Improve metadata benchmarking registry
Interface with common medical data infrastructures (e.g., XNAT)
Support Federated Learning with 3rd parties
Research and development of clinically impactful benchmarks (e.g., health equity, bias, dataset diversity)
Co-develop and support benchmarking efforts

Comprehensive Open Federated Ecosystem (COFE)

COFE is a collection of open tools that enables research and development of AI models within the clinical setting in efficient way. It consists of GaNDLF, MedPerf and OpenFL. With COFE researchers are able to design and run AI experiments in federated setting unlocking the power of diverse real-world clinical data.

Meeting Schedule

Wednesday June 24, 2026 – 07:45 – 08:40 Pacific Time

Medical Working Group Projects

GaNDLF

MedPerf

COFE

Supporting Documentation

September 2024 | Report

Supporting the FeTS global AI-enabled clinical study on brain tumors

March 2025 | Report

MedPerf Smart Contracts Feature Update

How to Join and Access Medical AI Resources

To sign up for the group mailing list, receive the meeting invite, and access shared documents and meeting minutes:

Fill out our subscription form and indicate that you’d like to join the Medical Working Group.
Associate a Google account with your organizational email address.
Once your request to join the Medical Working Group is approved, you’ll be able to access the Medical folder in the Public Google Drive.

To engage in working group discussions, join the group’s channels on the MLCommons Discord server.

To access the GitHub repositories (public):

If you want to contribute code, please submit your GitHub ID to our subscription form.
Visit the GitHub repositories:
- GaNDLF
- MedPerf

Standards

MedPerf

MedPerf is an open benchmarking platform that aims at evaluating AI on real world medical data. MedPerf follows the principle of federated evaluation in which medical data never leaves the premises of data providers. Instead, AI algorithms are deployed within the data providers and evaluated against the benchmark. Results are then manually approved for sharing with the benchmark authority. This effort aims to establish global federated datasets and to develop scientific benchmarks reducing risks of medical AI such as bias, lack of generalizability, and potential misuse. We believe that this two fold strategy will enable clinically impactful AI and drive healthcare efficacy. More information can be found at the MedPerf website and GitHub repository.

GaNDLF

GaNDLF is an open framework for developing machine learning workflows focused on healthcare. It follows zero/low code design principle and allows researchers to train and infer robust AI models without having to write a single line of code. Our effort aims to democratize medical AI through easy to use interfaces, well-validated machine learning ideologies, robust software development strategies, and a modular architecture to ensure integration with multiple open-source efforts. By focusing on end-to-end clinical workflow definition and deployment, we believe GaNDLF will turbocharge the AI landscape in healthcare. More information can be found at the GaNDLF website, GitHub repository, and paper.

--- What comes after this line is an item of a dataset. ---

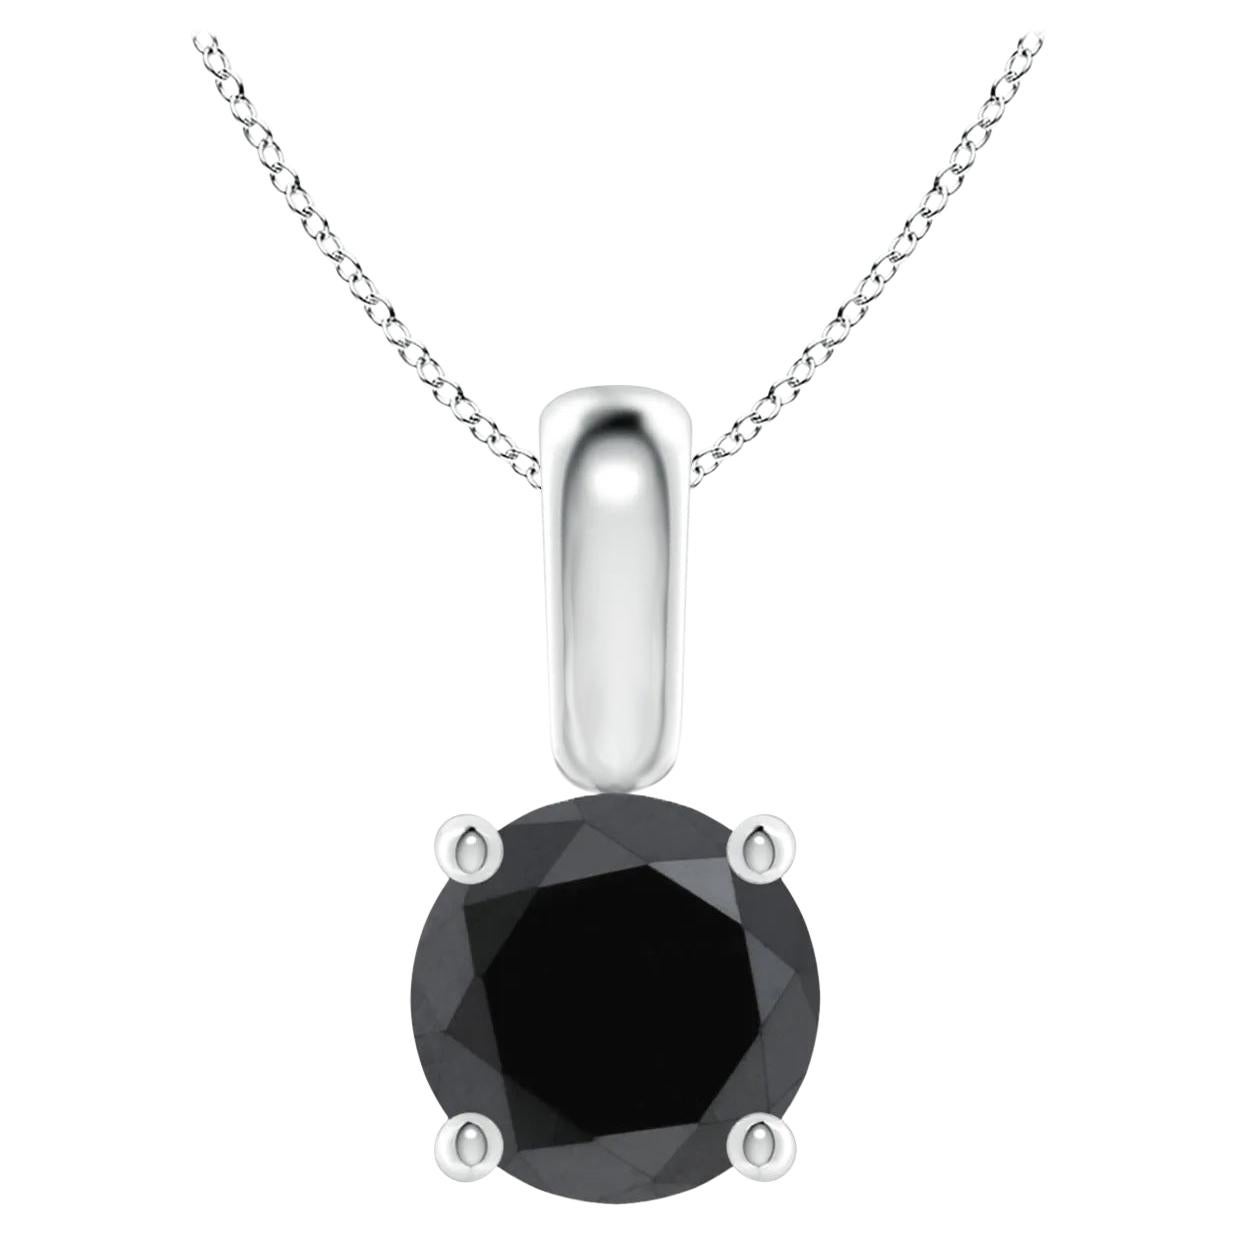 1.44 Carat Round Black Diamond Solitaire Pendant Necklace in 14K White Gold

Benchmarking of Medical AI

Call for Participation

We cannot achieve our goals without the help of the broader technical and medical community. We call for the following:

Healthcare stakeholders to form benchmark committees that define specifications and oversee analyses.
Participation of patient advocacy groups in the definition and dissemination of benchmarks.
AI researchers, to test the end-to-end platform and use it to create and validate their own models across multiple institutions around the globe.
Data owners (e.g., healthcare organizations, clinicians) to register their data in the platform (while never sharing the data).
Data model standardization efforts to enable collaboration between institutions, such as the OMOP Common Data Model, possibly leveraging the highly multimodal nature of biomedical data.
Regulatory bodies to develop medical AI solution approval requirements that include technically robust and standardized guidelines.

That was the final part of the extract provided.